So, this trace cache sits between the instruction decode and execution core incorporated in the L 2 cache, and it stores already decoded micro operations, so here is the difference instead of storing the instructions here it stores the micro operations. That means, there is no need for re decoding, straight away micro operations are stored, and they can be fetched and they can be executed directly.

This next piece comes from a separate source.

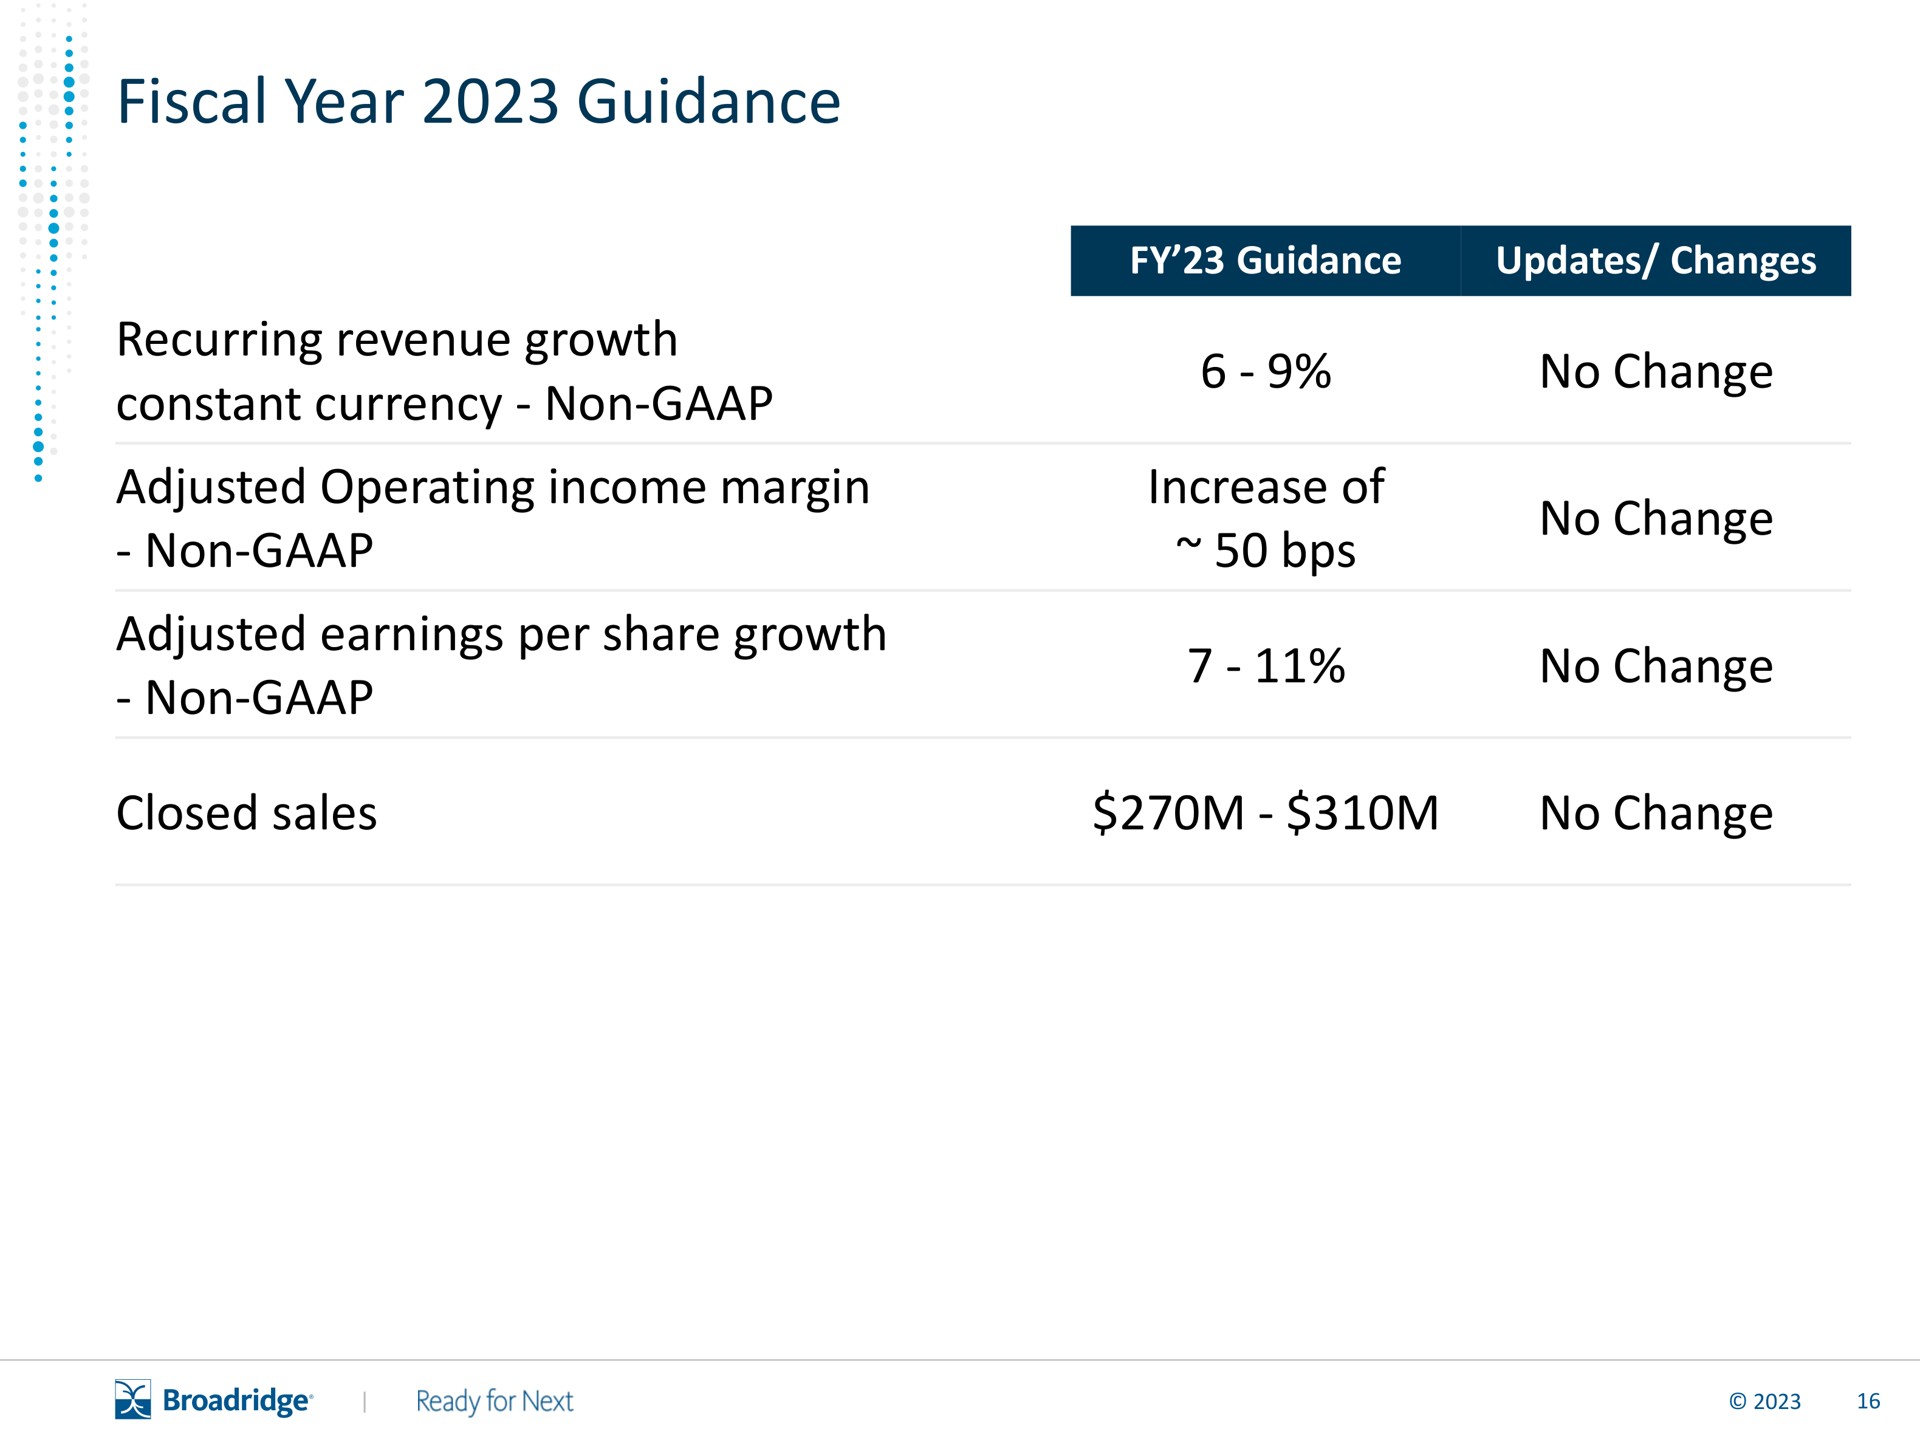 fiscal year guidance recurring revenue growth constant currency non adjusted operating income margin non adjusted earnings per share growth non no change increase of no change no change closed sales no change | Broadridge Financial Solutions
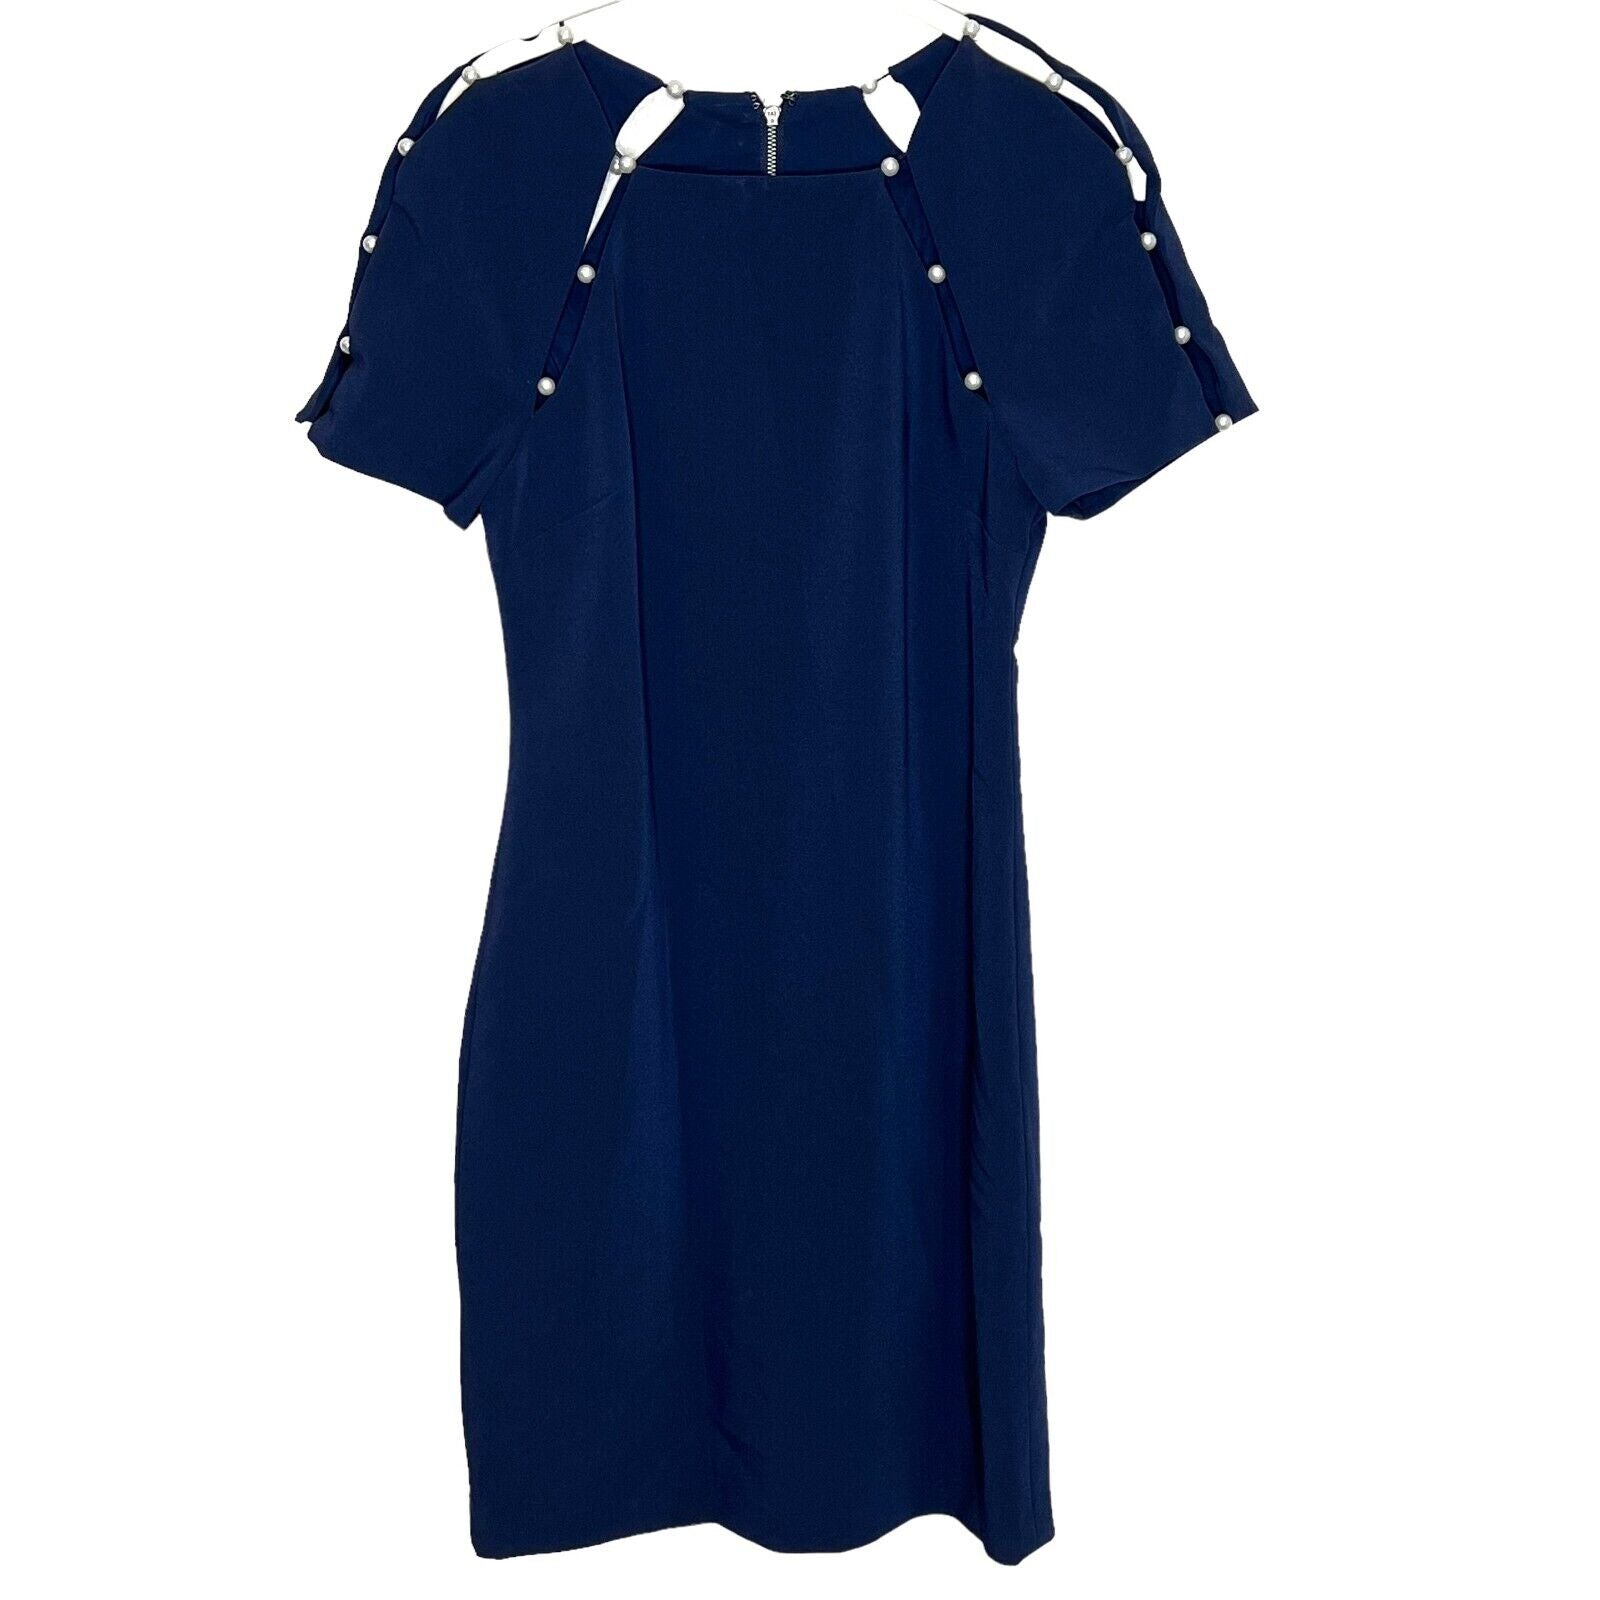 Alice+Olivia Navy Blue Kristiana Faux Pearl Cut Out Dress Size 6 NEW $330

So, conventionally instructions are stored in cache, and then they are decoded before it goes to the execution unit, but here it is done, here it is not so. So, on a trace cache means instructions are fetched and decoded from the L 2 cache, so whenever there is a hit then those micro operations are fetched directly delivered to the execution units. On the other hand whenever there is a miss the instructions are fetched from the L 2 cache, and the then they are decoded, and after decoding they are stored in the trace cache, and it has been found that the miss-rate is very small that mean point.

It has been found to be 0.015 percent so; that means, the reading from the L 2 cache is not very frequently, it occurs occasionally; that means, 0.015 percent means it occurs very infrequently. So, can then execution new instruction micro operations can be fetched directly, as I have already mentioned instead of fetching and decoding the instruction again, so this reduces the load on the decoder, so and also it makes it faster.

(Refer Slide Time: 17:12)



And here some details about the cache memories on chip cash as I told, it has got L 1 instruction cache, which is the trace cache and L 1 data cache, and L 2 unified cache. So, that level 2 cache is unified 1, where both instruction and data are stored instead of separate, separate data and instruction cache. However, the L 1 cache is separate and first

one is the trace cache and instruction trace cache, and the data cache is also there is a separate L 1 data cache.

And here is the size of the different cache's fist level cache is only 8 kilobyte, so this 8 kilobyte has been used primarily to make it small and simple. ((Refer Slide Time: 06:58)) As, we know that small and simple cache gives you provides quick hit time, which has been achieved by providing this sample small L 1 cache 8 kilobyte, which is 4 associativity and line size is 64 bytes.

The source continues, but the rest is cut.